La Embajada de los Estados Unidos anunció ayer  el cierre temporal de la oficina de la Administración para el Control de Drogas (DEA, por sus siglas en inglés) en Santo Domingo hasta nuevo aviso, como parte de una política de «cero tolerancia» frente a cualquier indicio de corrupción.

La decisión fue comunicada mediante un mensaje oficial en el que se enfatiza que la corrupción «no tiene espacio en el Gobierno de los Estados Unidos ni en ningún otro», calificándola como «una violación repugnante y deshonrada de la confianza pública» cuando se utiliza un cargo oficial para beneficio personal.

La embajadora Leah Francis Campos señaló: «La corrupción no tiene espacio en el Gobierno de los Estados Unidos ni en ningún otro. Es una violación repugnante y deshonrada de la confianza pública usar el cargo oficial para beneficio propio. No toleraré ni siquiera la percepción de corrupción en ningún lugar de la Embajada que dirijo».

Más tarde, la Embajada volvió y comunicó que el cierre es temporal y respondía exclusivamente a la necesidad de disponer de tiempo para desarrollar una investigación interna dentro de esa misión diplomática.

Agregó que la decisión no implicaca un rompimiento en las relaciones bilaterales ni un retroceso en la cooperación antidrogas de la República Dominicana y Estados Unidos.

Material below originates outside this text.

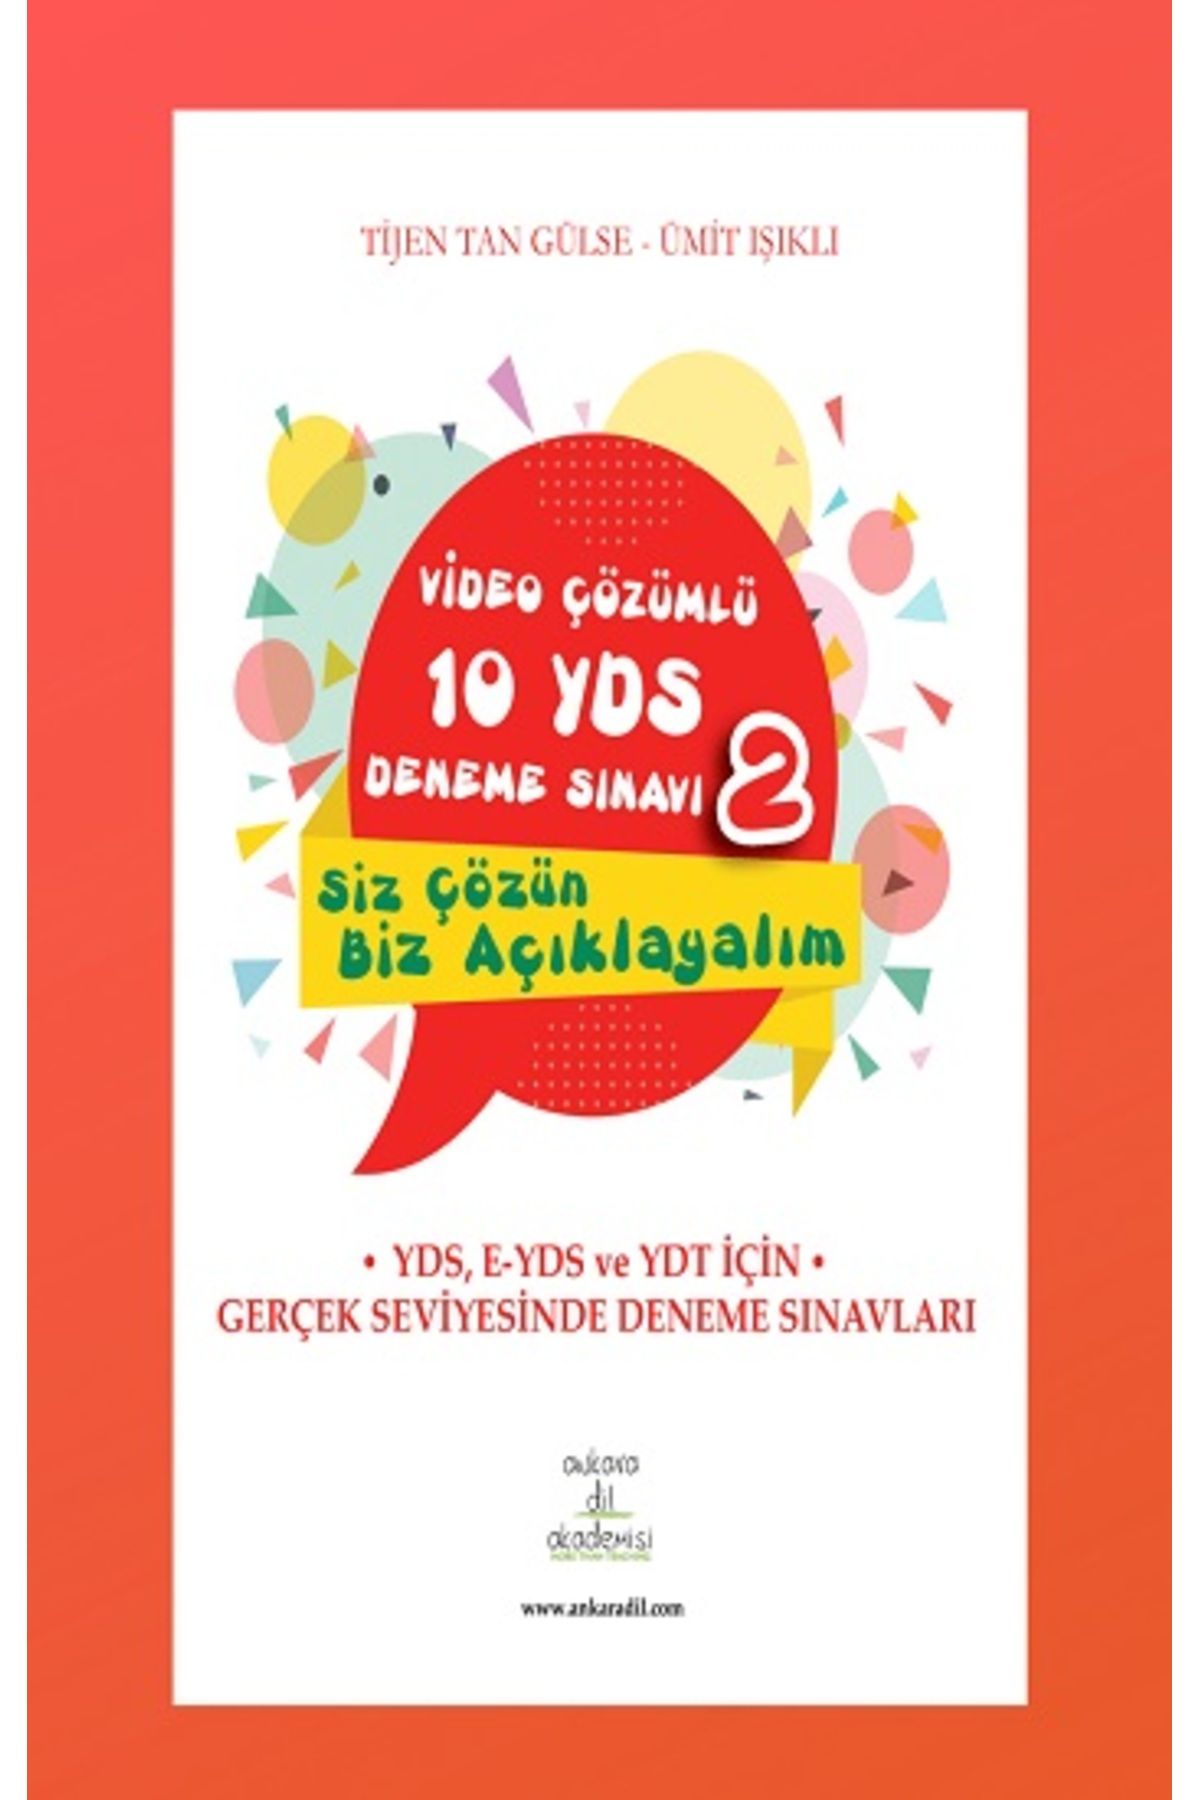 Ankara Dil Akademisi Video Çözümlü 10 Yds Deneme Sınavı - 2
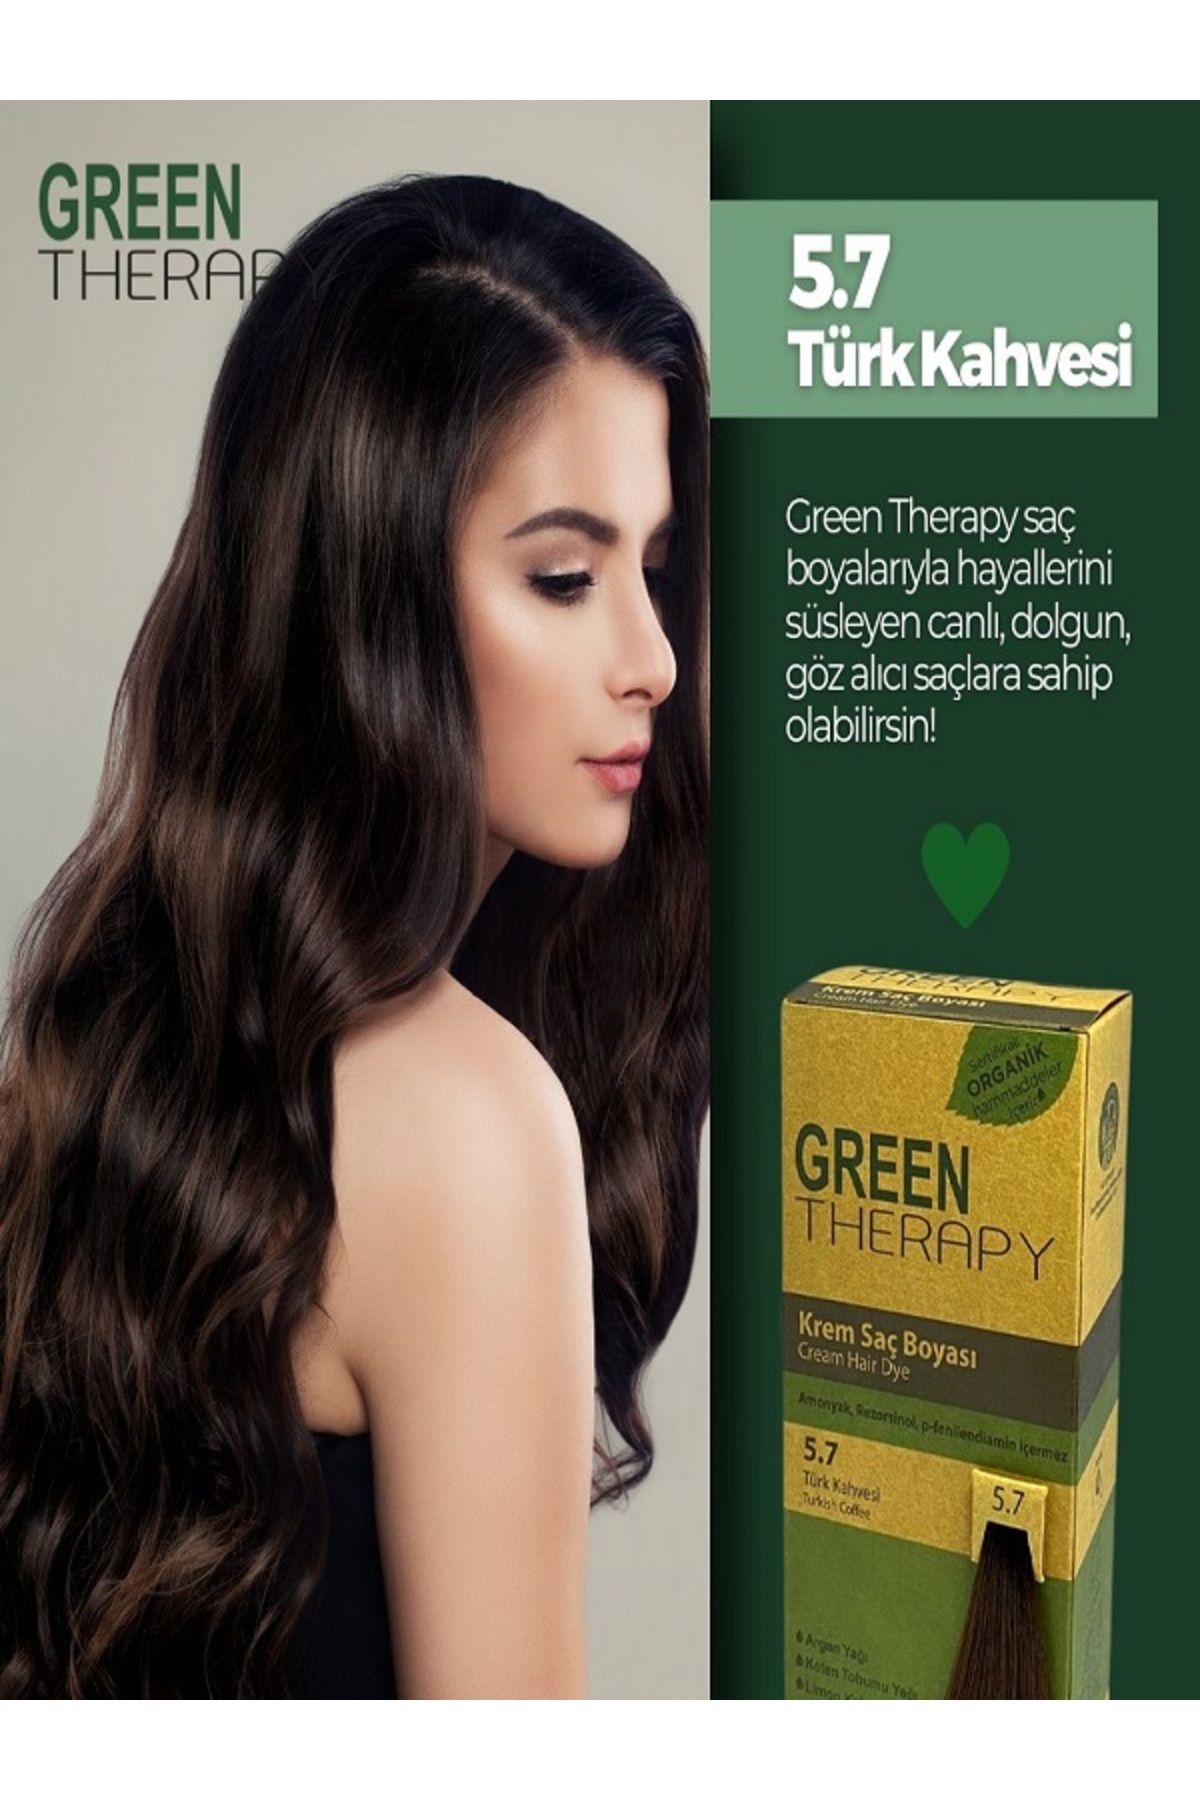 Green Therapy 5.7 Türk Kahvesi Saç Boyası..bigüzellik130424013

«La República Dominicana sigue siendo un socio fundamental en nuestro trabajo para combatir el narcoterrorismo en toda la región. Ese trabajo continuará al mismo ritmo sólido entre la Embajada de los Estados Unidos en Santo Domingo y nuestros socios dominicanos, incluso mientras se lleva a cabo nuestra investigación interna«, señala el comunicado de la Embajada colgado en sus redes sociales.

En ese sentido, el cierre se presenta como una medida administrativa y preventiva, más que como una sanción o ruptura institucional, dentro de un proceso interno de revisión que no altera la alianza histórica entre ambos países en materia de seguridad, lucha contra el crimen organizado y cooperación internacional.

Hasta el cierre de esta nota,  no se había detallado los  hallazgos en la oficina de la DEA que motivaron a que la Embajada de Estados Unidos en Santo Domingo cerrara sus puertas de forma provisional.

Canciller aclara

De su lado, el ministro de Relaciones Exteriores, Roberto Álvarez, informó que el cierre de la oficina de la DEA obedecía a una investigación interna de la embajada estadounidense.

El canciller explicó que sostuvo una conversación con la embajadora de Estados Unidos en el país, Leah Campos, quien le comunicó que la decisión no guardaba ninguna relación con el Gobierno dominicano ni con funcionarios del Estado.

Álvarez enfatizó que, según lo expresado por la diplomática, la medida respondía exclusivamente a procesos internos de la oficina, descartando de manera categórica cualquier vínculo con autoridades nacionales.

Las autoridades no ofrecieron mayores detalles sobre el alcance de la investigación interna en curso.